Suddenly, in that moment of ultimate, climactic violence, something profound shifted. The air grew thick and heavy, saturated with the thick, metallic scent of blood that seemed to pour from Kokushiro's very pores, a palpable miasma of violence. Then it manifested—a visible, churning aura erupting from his body, a terrifying mixture of the deepest black and a violent, blood-dark red. It swirled around him like a shroud of pure, concentrated malice, pulsating with each thunderous beat of his heart. The sheer, ancient malevolence radiating from it was a physical pressure, a weight that felt both primordial and endlessly, ravenously hungry.

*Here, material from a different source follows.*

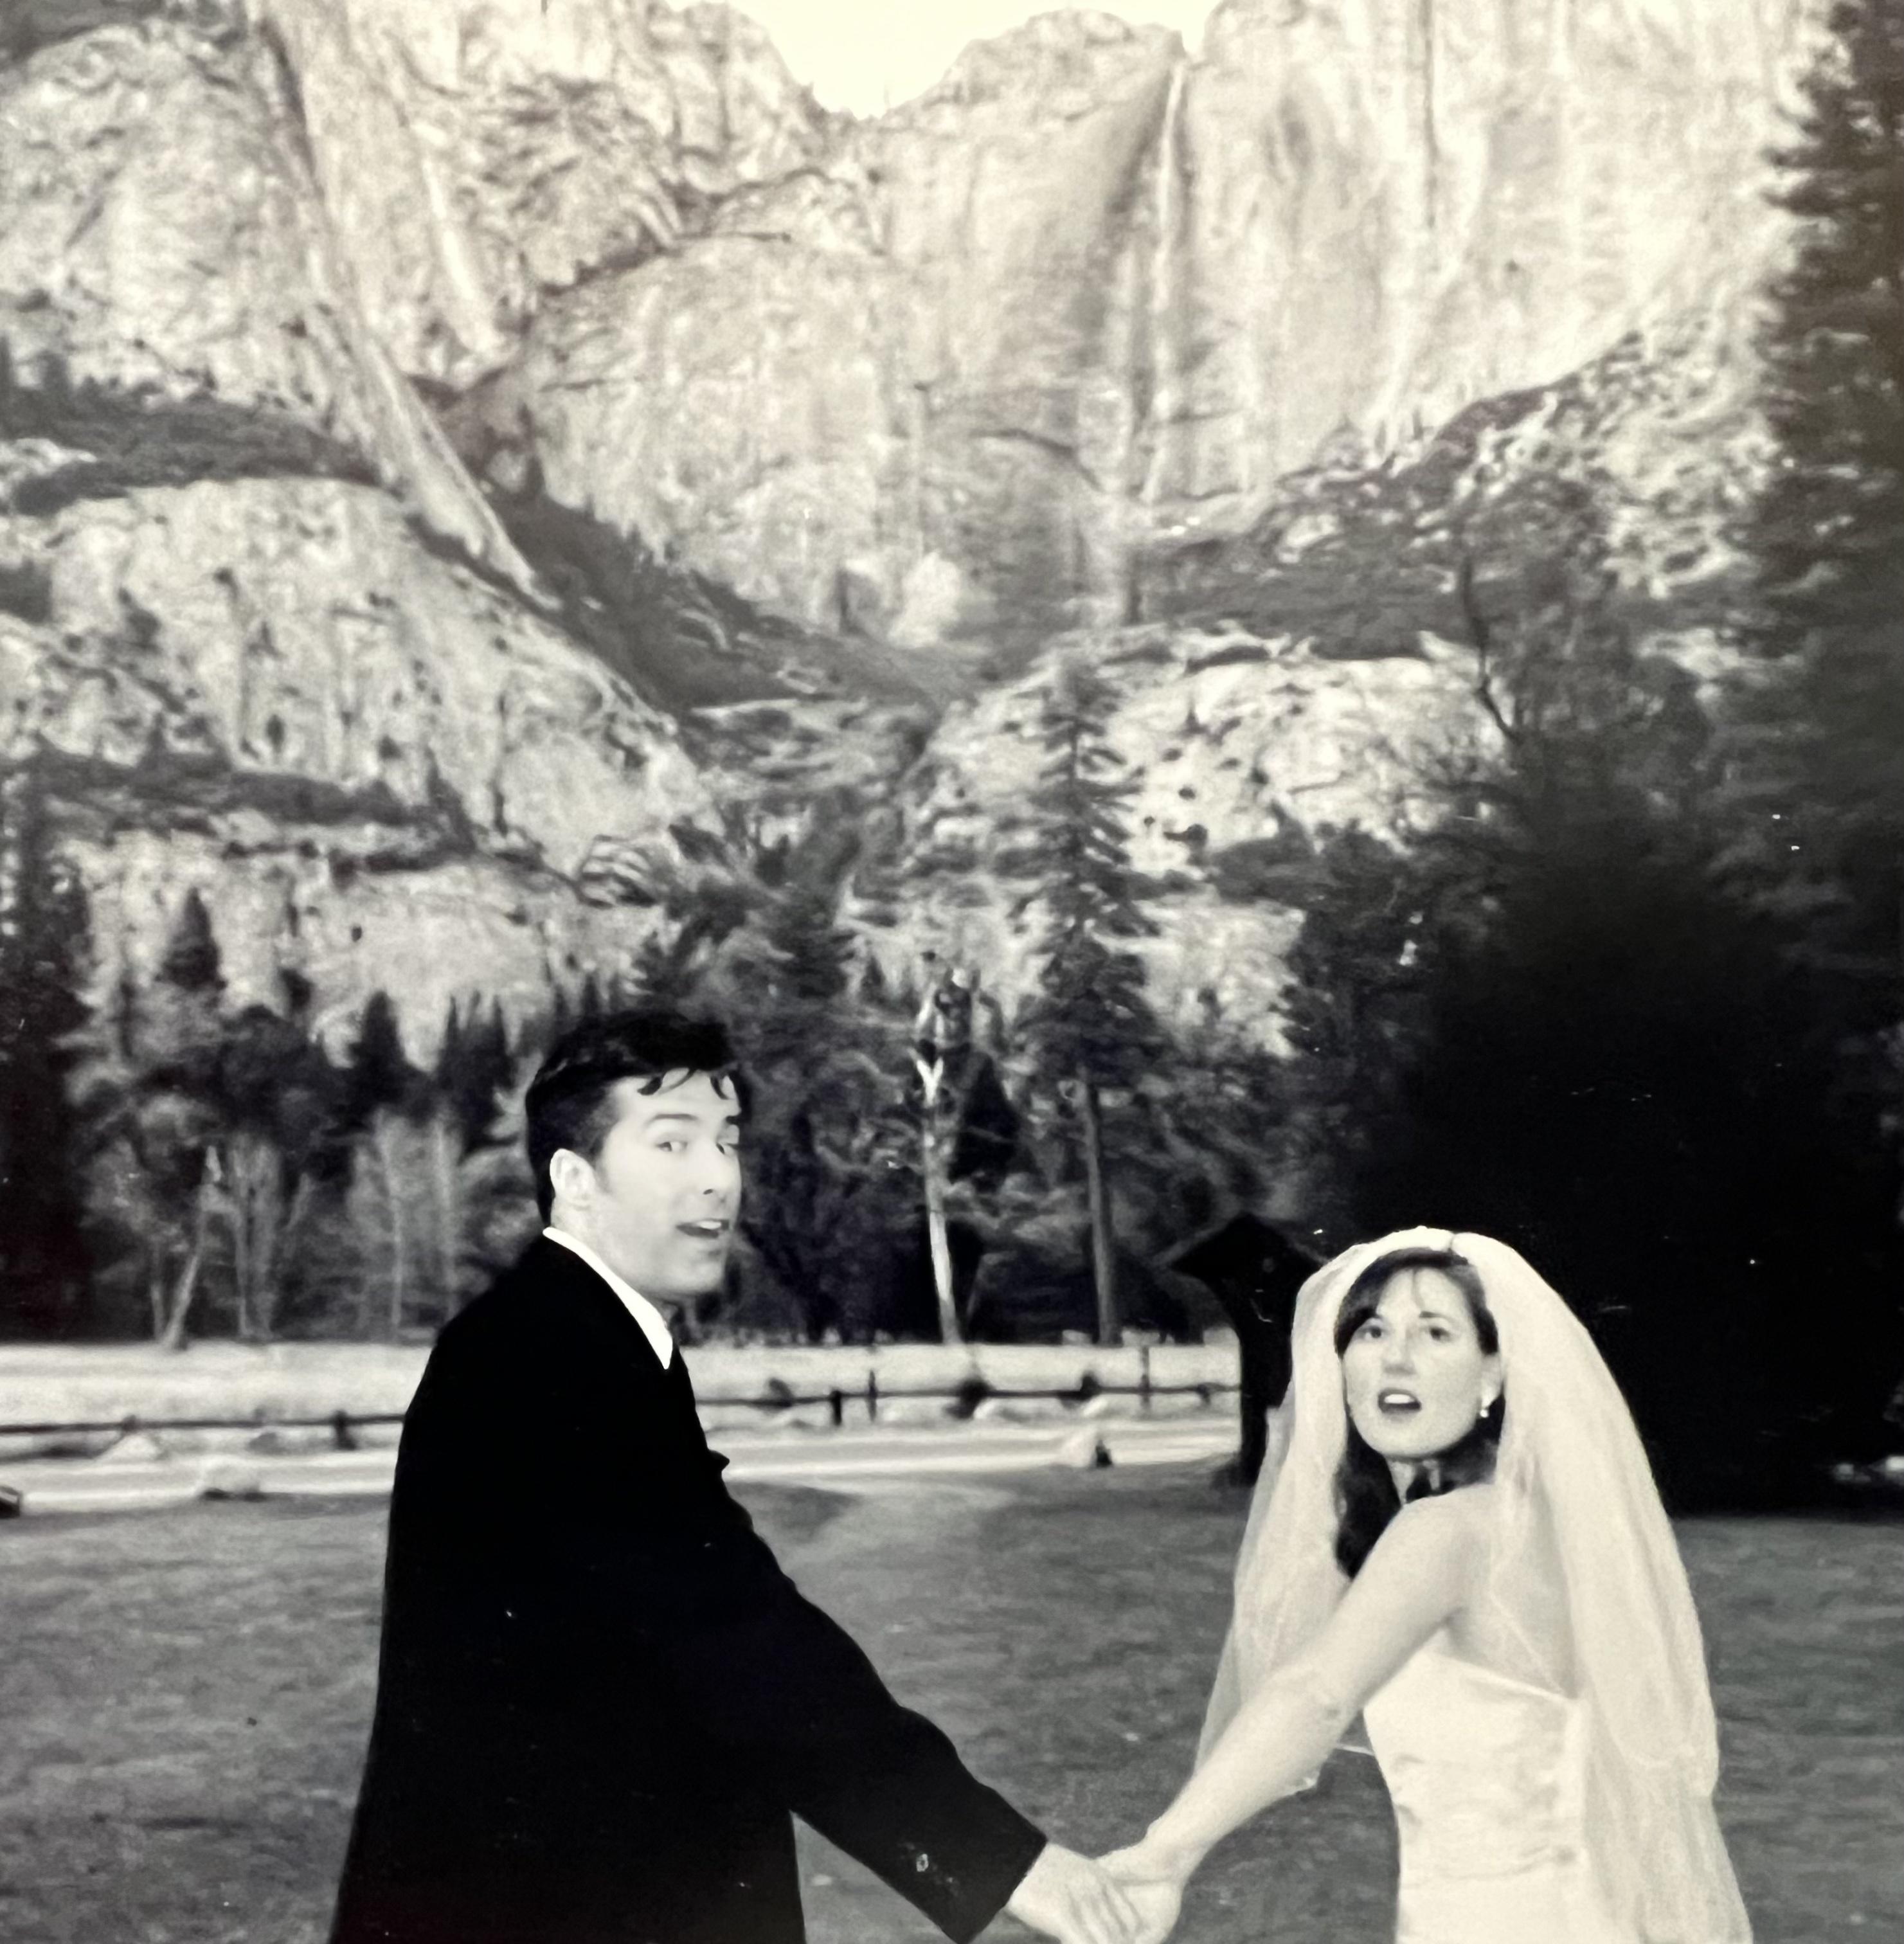 the author's wedding photo in Yosemite
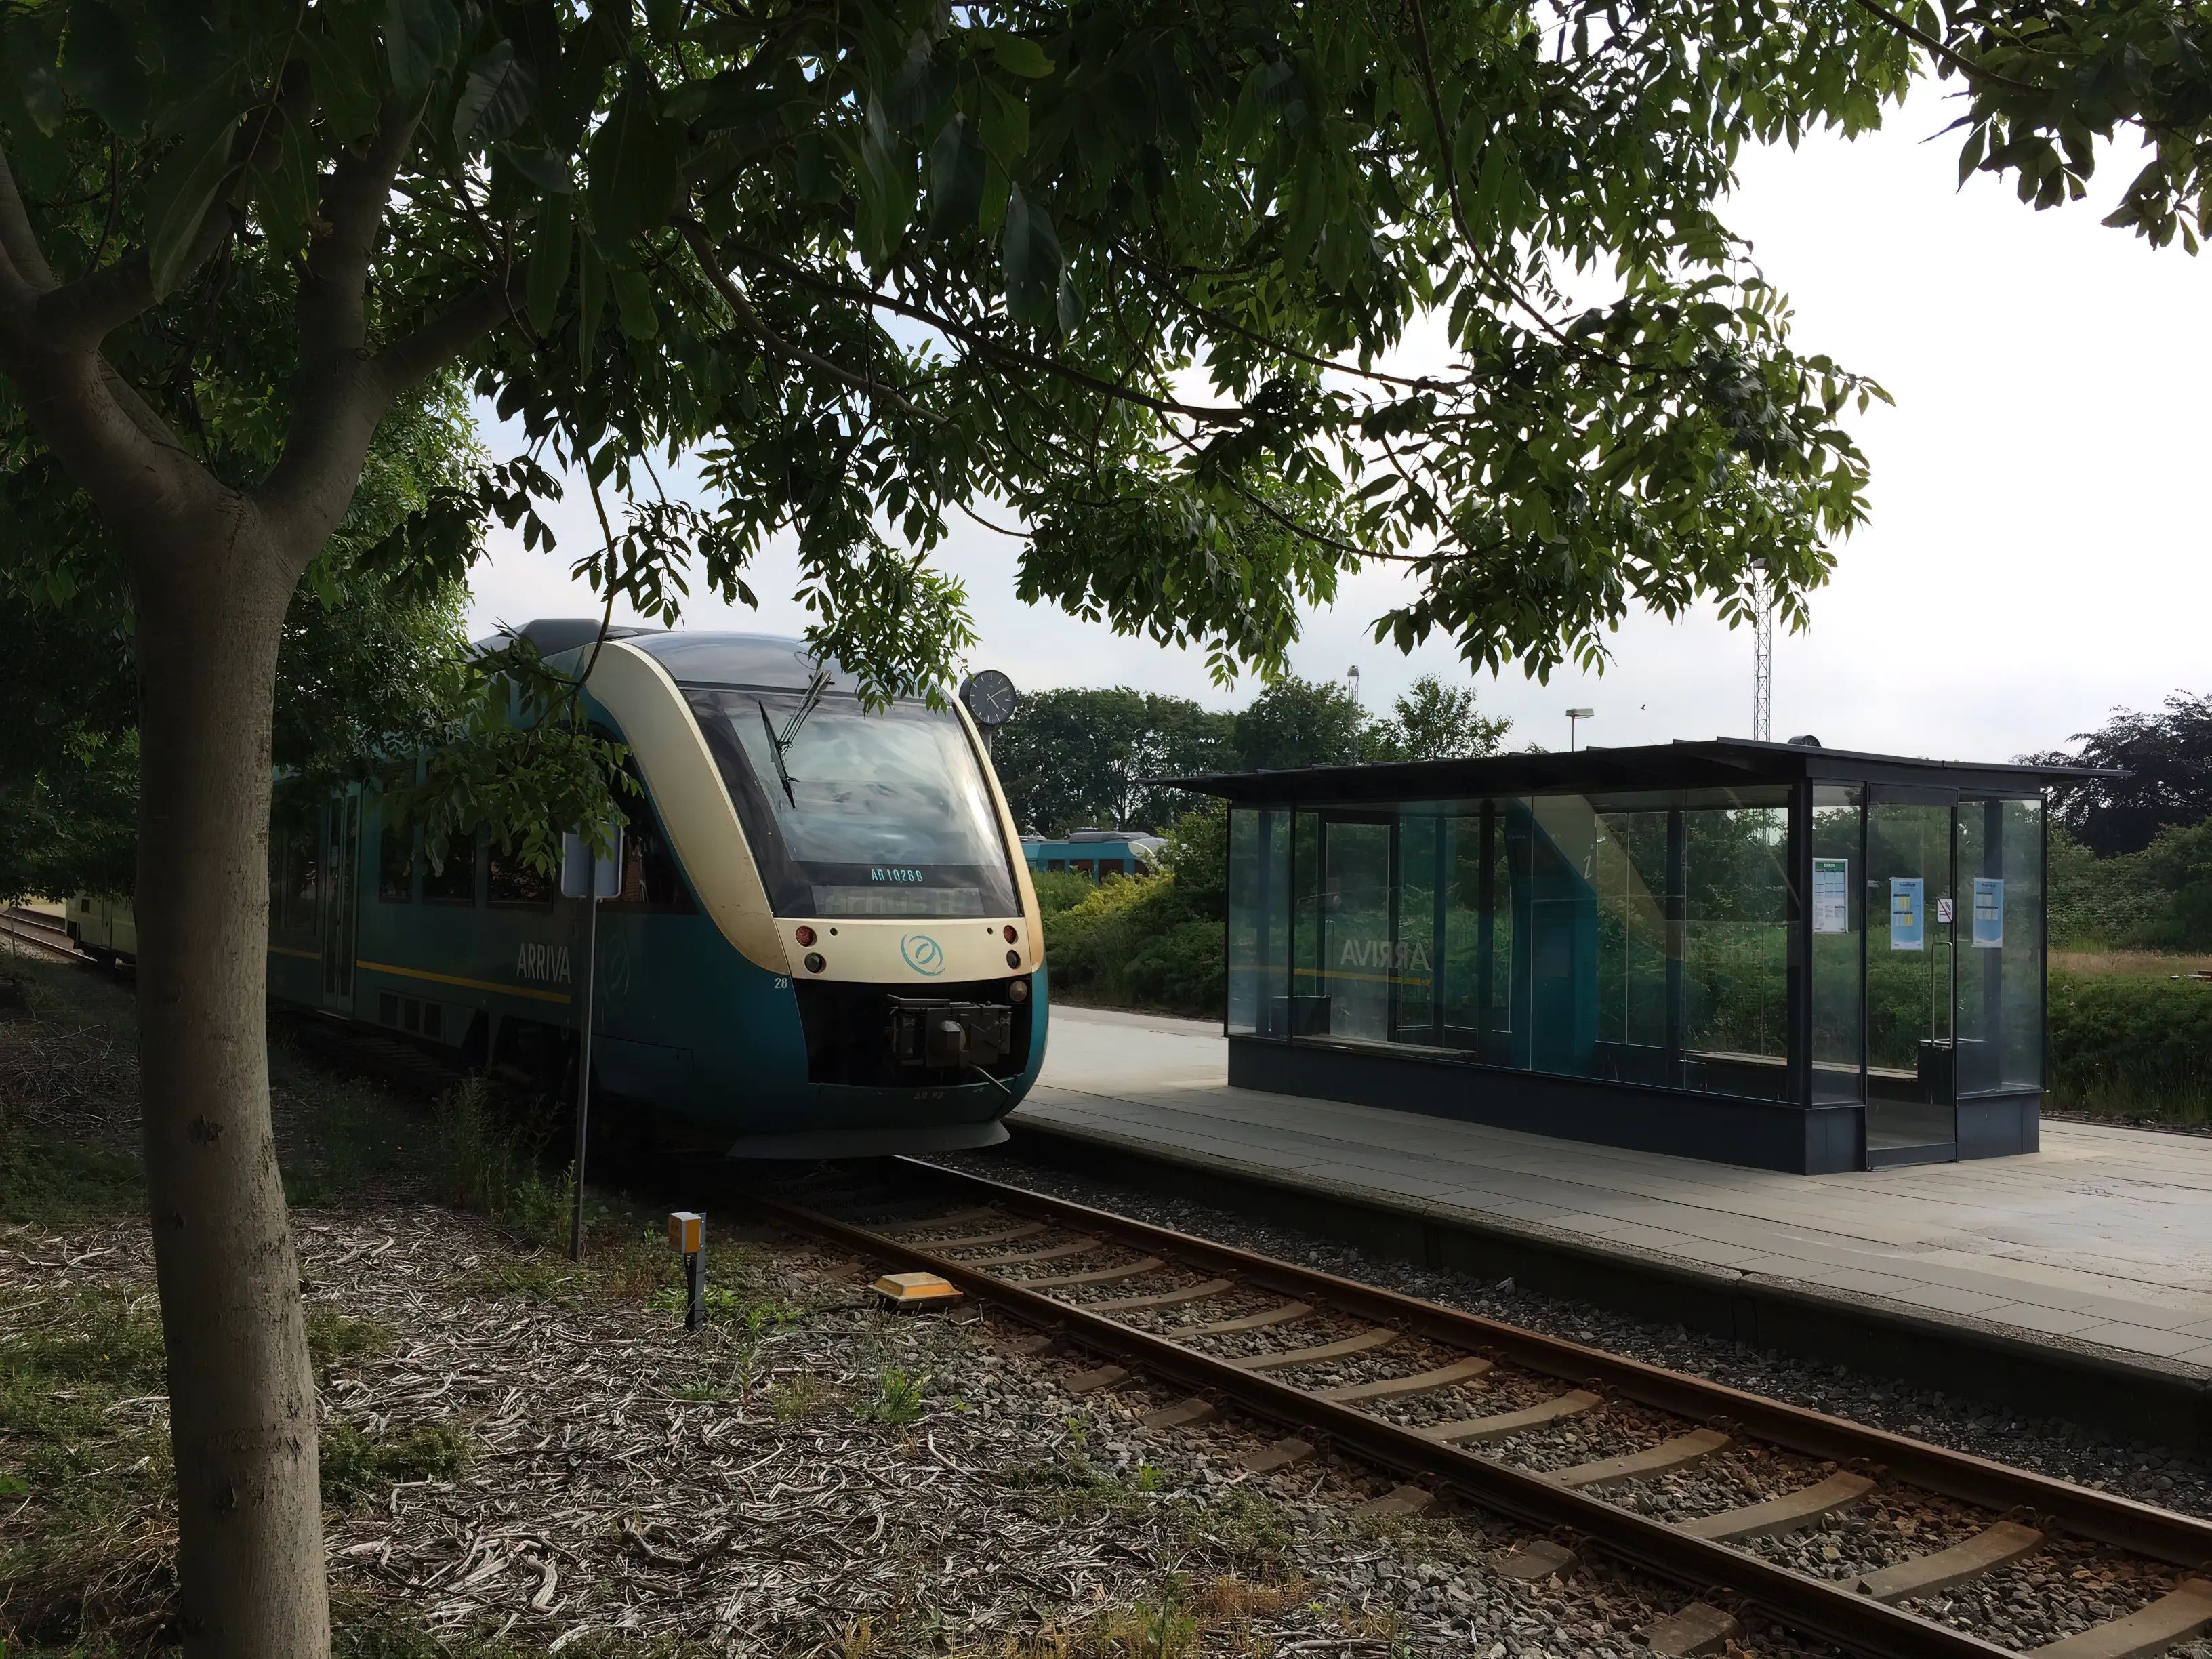 Billede af tog ud for Skjern Station.

Belphegor's host froze mid-attack, its cracking, glowing face a mask of pure, primal terror. This was no longer just a strong human, or even a possessed one. This was something else entirely—something that defied categorization, something that should not, by all laws of nature and hell, exist.
Kokushiro looked at the deteriorating host, his bloody face splitting into a wide, chilling smile as he spoke to Hebrew.
Kokushiro: "See, my buddy? After all those years of boring mass murder and mindless destruction... I finally found someone who can match my strength. This is what I've been waiting for."
Seeing no other option, Belphegor made a desperate decision. He channeled every ounce of power the fragile host could contain—pushing it to its absolute breaking point. The host's body began to glow with intense hellish energy, cracks spreading rapidly across its skin. With a final, desperate move, Belphegor unleashed this maximum power in one concentrated blast aimed directly at Kokushiro.
The resulting explosion tore through the battlefield, sending Kokushiro flying backward through three consecutive buildings, reducing them to rubble in his wake. Simultaneously, a thick, supernatural mist erupted from the point of impact, covering the entire area in an impenetrable haze.
When the mist cleared moments later, Belphegor and his destroyed host were gone. The only sound was the creaking of damaged structures and the faint crackle of dying energies. In the center of the devastation stood Kokushiro, covered in blood and dust, new minor injuries adding to his collection, but his terrifying smile remained intact as he surveyed the destruction.